A novel prosthetic anal sphincter (PAS) has been developed that aims to occlude by flattening and angulating the bowel, reproducing the action of the puborectalis muscle. The safety of the PAS has been confirmed in biomechanical, in vitro and long‐term animal survival studies. The Medical Devices Agency approved implantation in 12 patients.

Methods:

The PAS was placed in the pelvis around the anorectal junction via a transabdominal approach in 12 patients with severe faecal incontinence. The device was activated 6 weeks after surgery. Fibreoptic examination of the mucosa below the device was undertaken at various intervals during review.

Results:

At a median follow‐up of 59 (range 30–72) months nine of the 12 patients had a functioning PAS. There were no device‐related infective complications after the initial operation but one patient developed pseudomembranous colitis and had the device removed.
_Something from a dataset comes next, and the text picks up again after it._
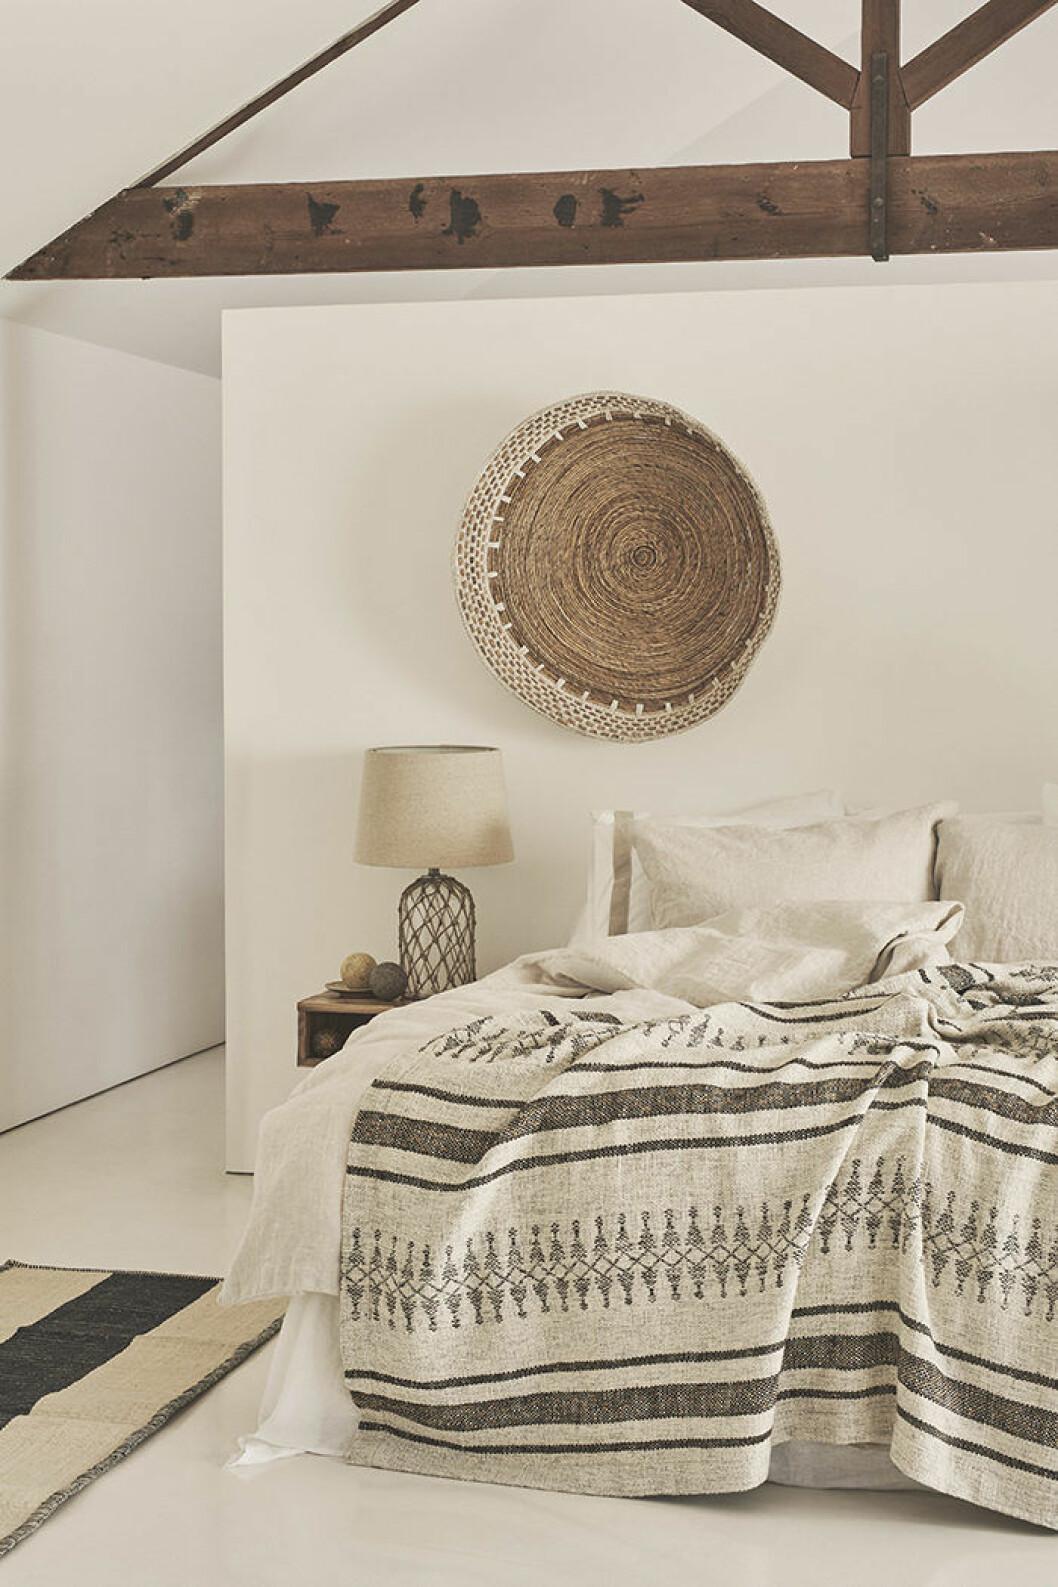 Zara Home lanserar höstkollektionen The Raw Edit

The PAS was effective in restoring continence in ten of 11 patients. Median (range) Cleveland Clinic continence scores improved from 16 (7–20) before to 3 (0–7) after surgery. In two patients the PAS was eventually removed owing to infection after revisional surgery. There was no clinical or histological evidence of gastrointestinal mucosal ischaemia.

Conclusion:

The PAS was effective in restoring continence. There was no device‐related infection after the initial operation, no device erosion and no clinical or histological evidence of gastrointestinal ischaemia. Copyright © 2004 British Journal of Surgery Society Ltd. Published by John Wiley & Sons, Ltd.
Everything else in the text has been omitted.